## Requirement
Write out the data exactly as given, dropping every picture.

[Data extracted from a collection]
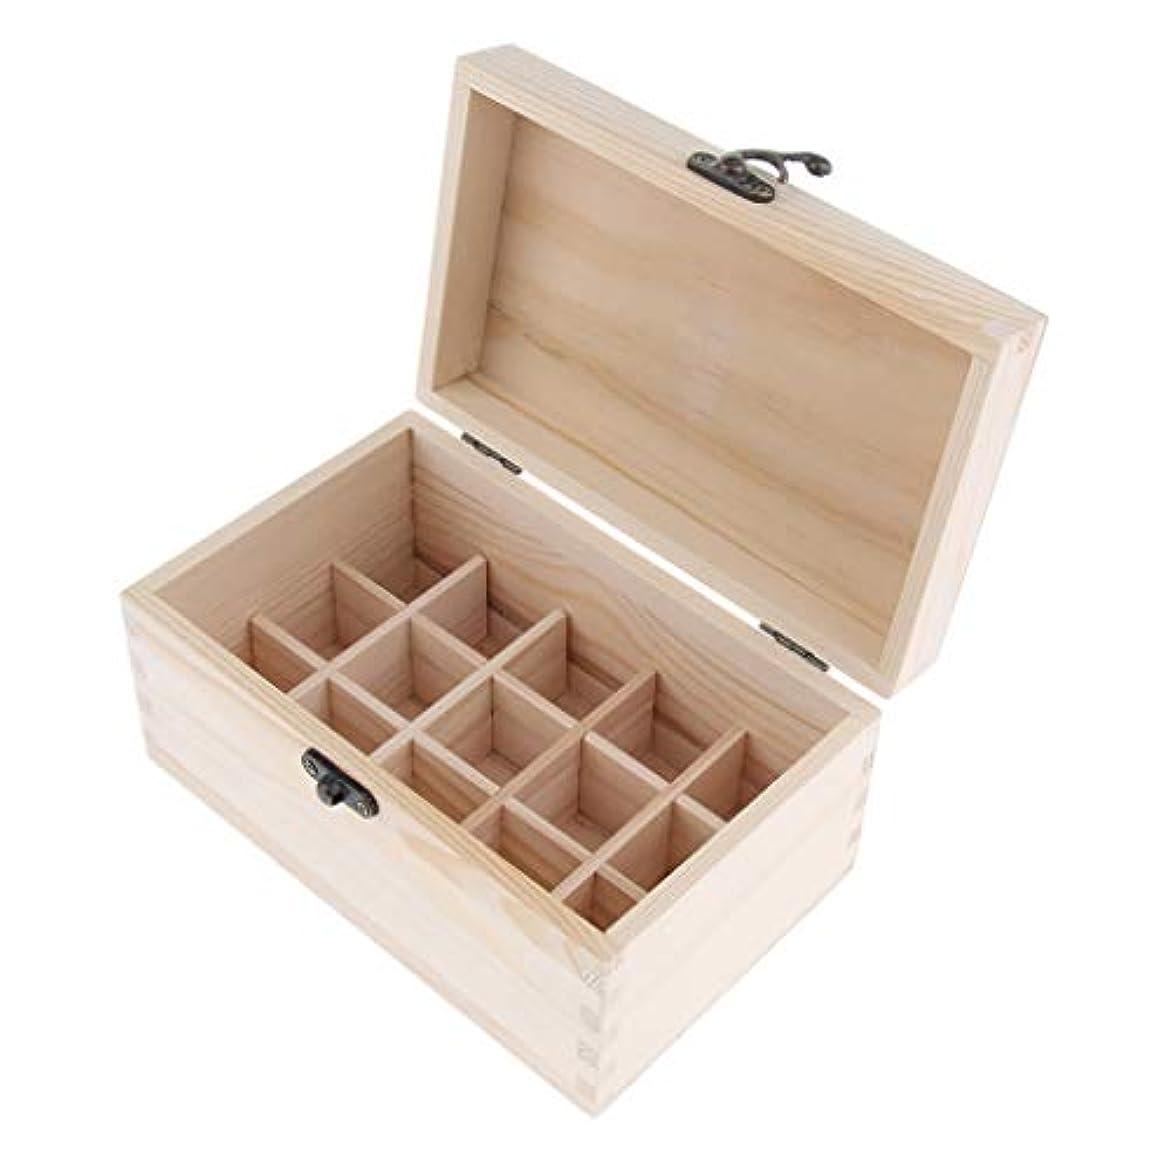 バルコニー会う投資する精油ケース 化粧品収納ボックス 15仕切り 木製 エッセンシャルオイル コンパクト 携帯便利 実用性
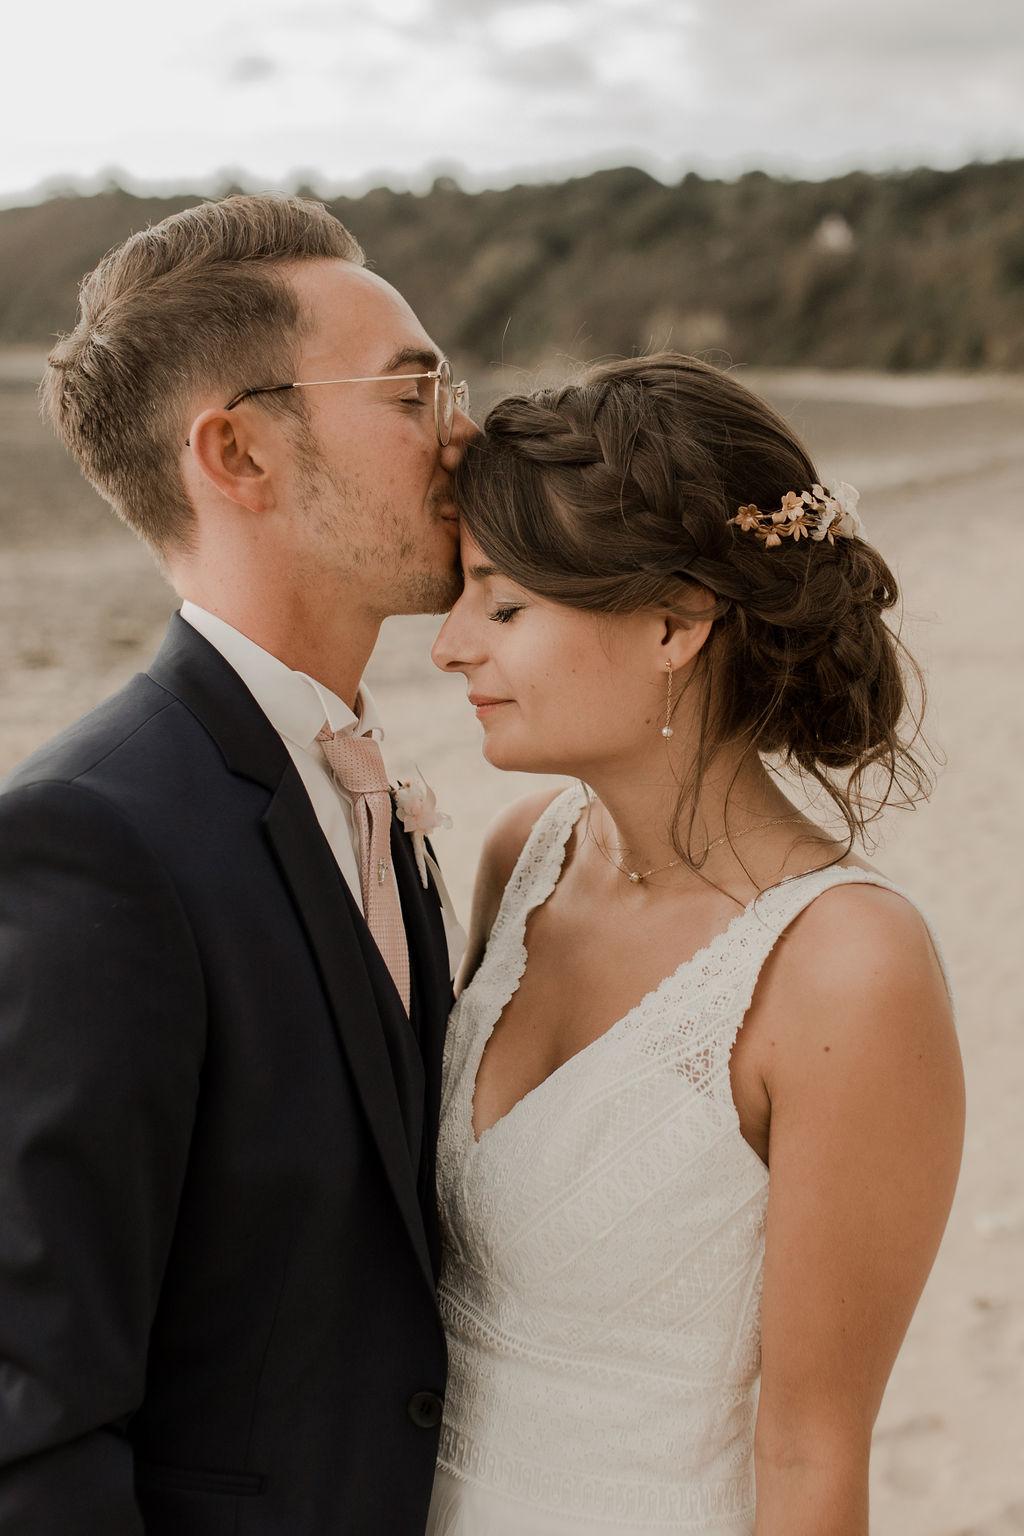 Mariage dans le sable
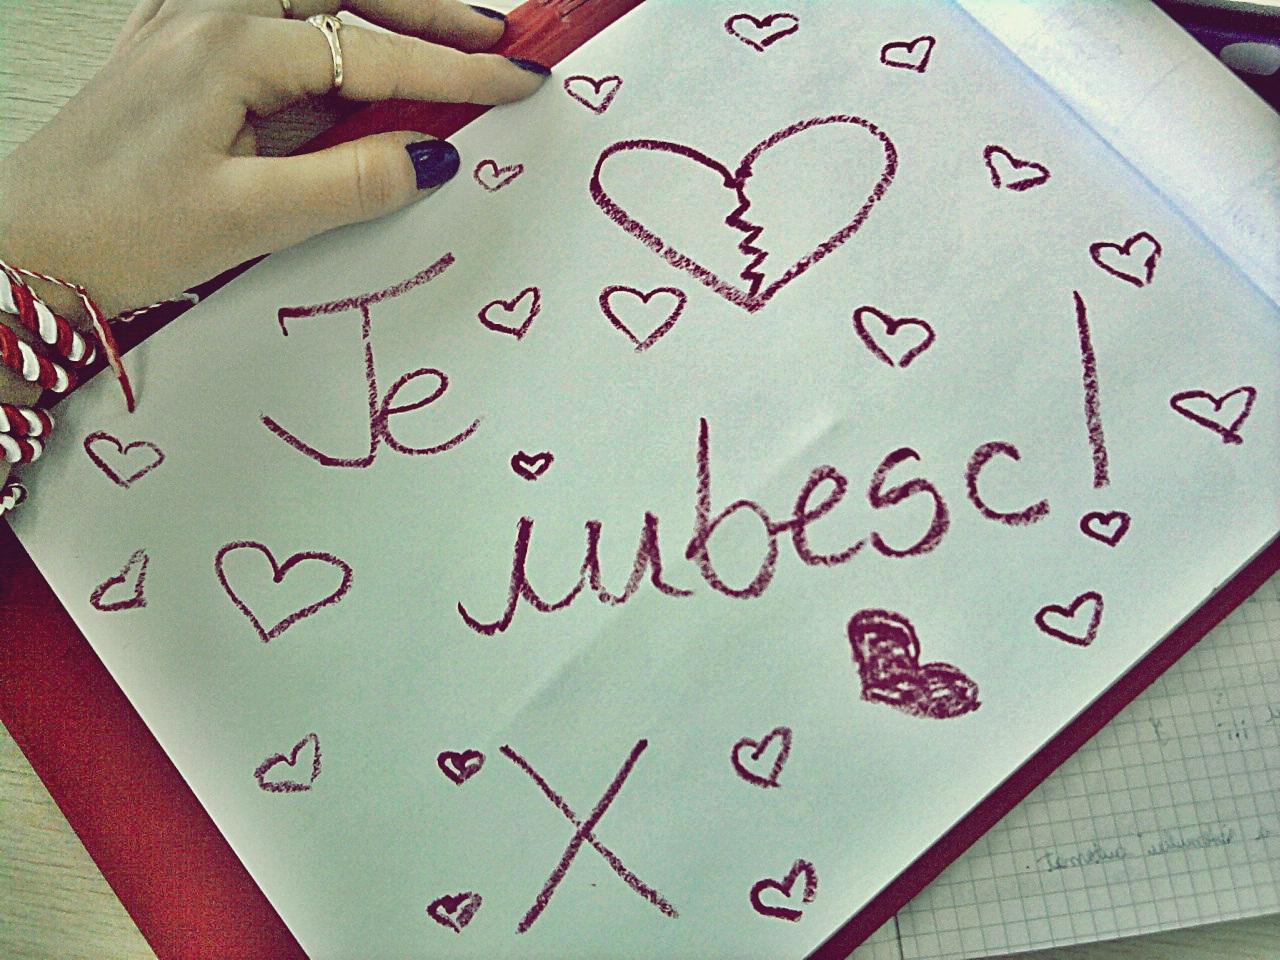 http://1.bp.blogspot.com/-_KbeLFURRAk/T1IogPFk1ZI/AAAAAAAADRg/pyrvThqIswc/s1600/te+iubesc+(7).jpg
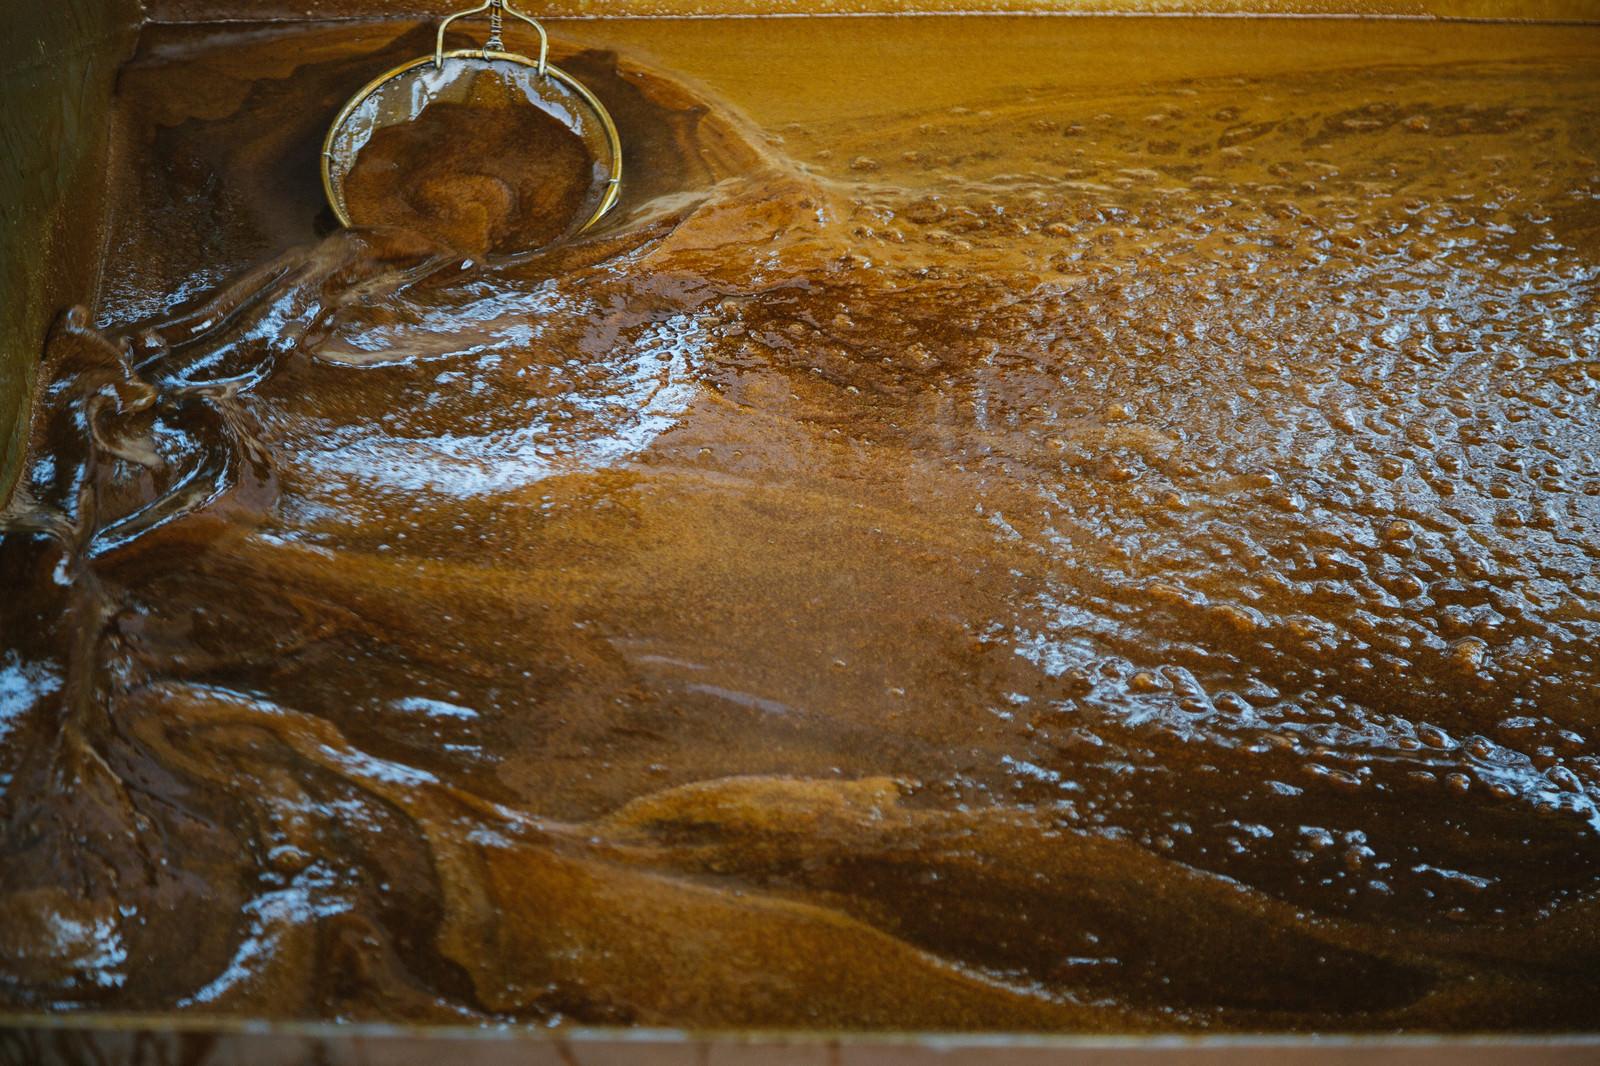 「搾りたての黒砂糖(徳之島黒砂糖祭り) | 写真の無料素材・フリー素材 - ぱくたそ」の写真
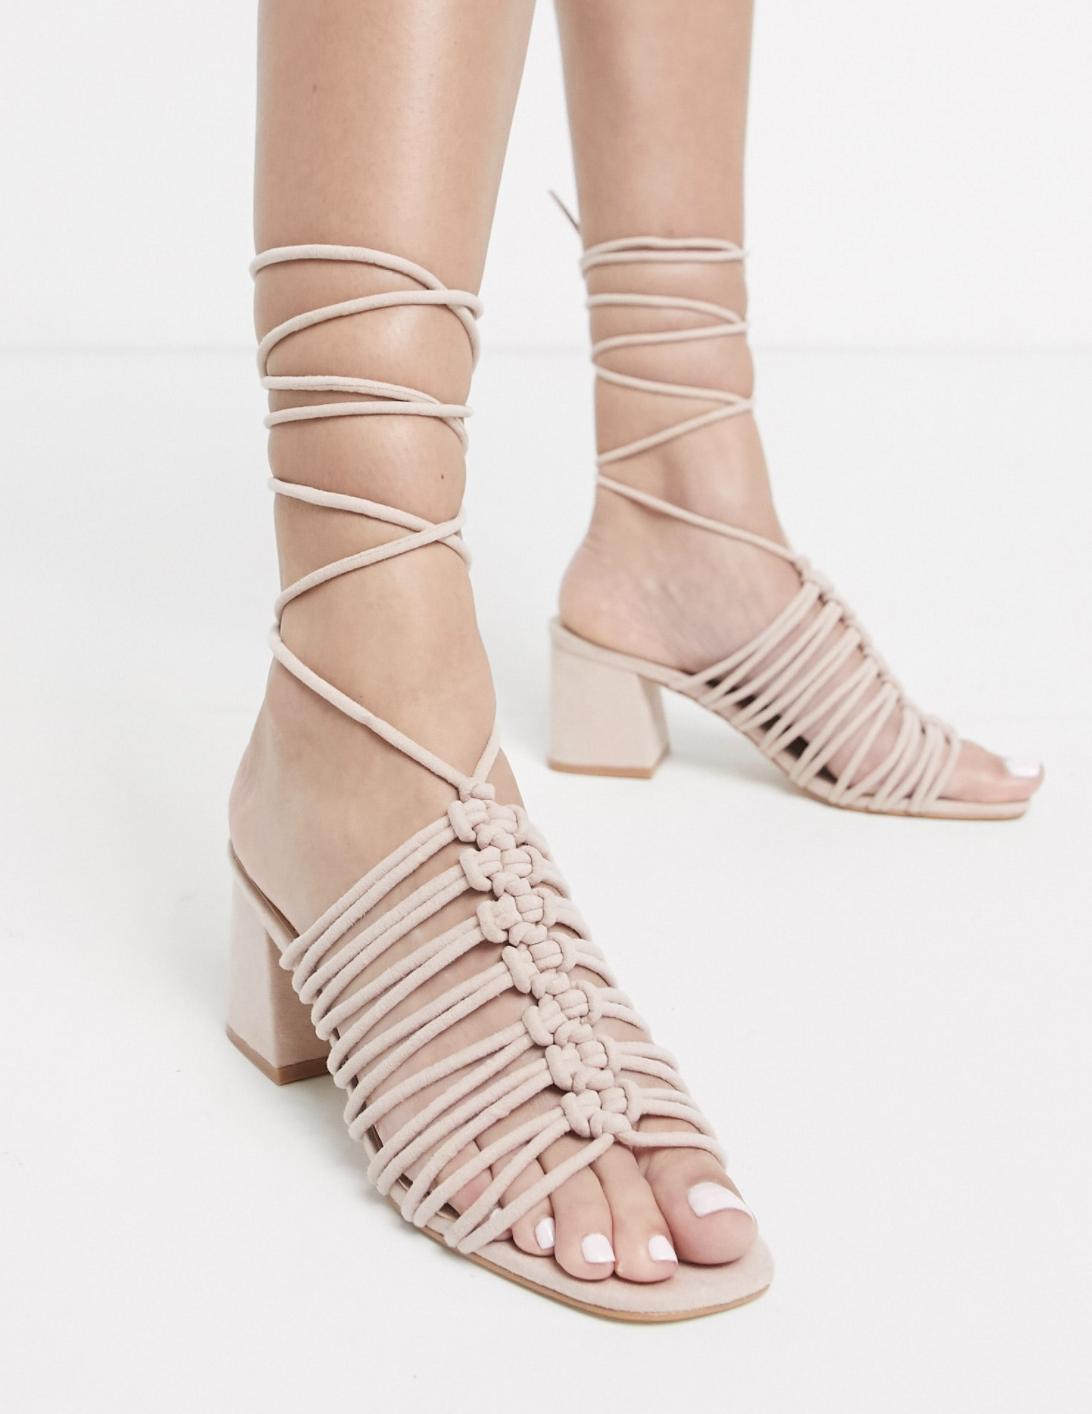 Sandalias de tacón cuadrado con diseño anudado al tobillo en rosa rubor Bali de Public Desire

## Answer below
 バルコニー会う投資する精油ケース 化粧品収納ボックス 15仕切り 木製 エッセンシャルオイル コンパクト 携帯便利 実用性
 Mariage dans le sable
 http://1.bp.blogspot.com/-_KbeLFURRAk/T1IogPFk1ZI/AAAAAAAADRg/pyrvThqIswc/s1600/te+iubesc+(7).jpg
 「搾りたての黒砂糖(徳之島黒砂糖祭り) | 写真の無料素材・フリー素材 - ぱくたそ」の写真
 Sandalias de tacón cuadrado con diseño anudado al tobillo en rosa rubor Bali de Public Desire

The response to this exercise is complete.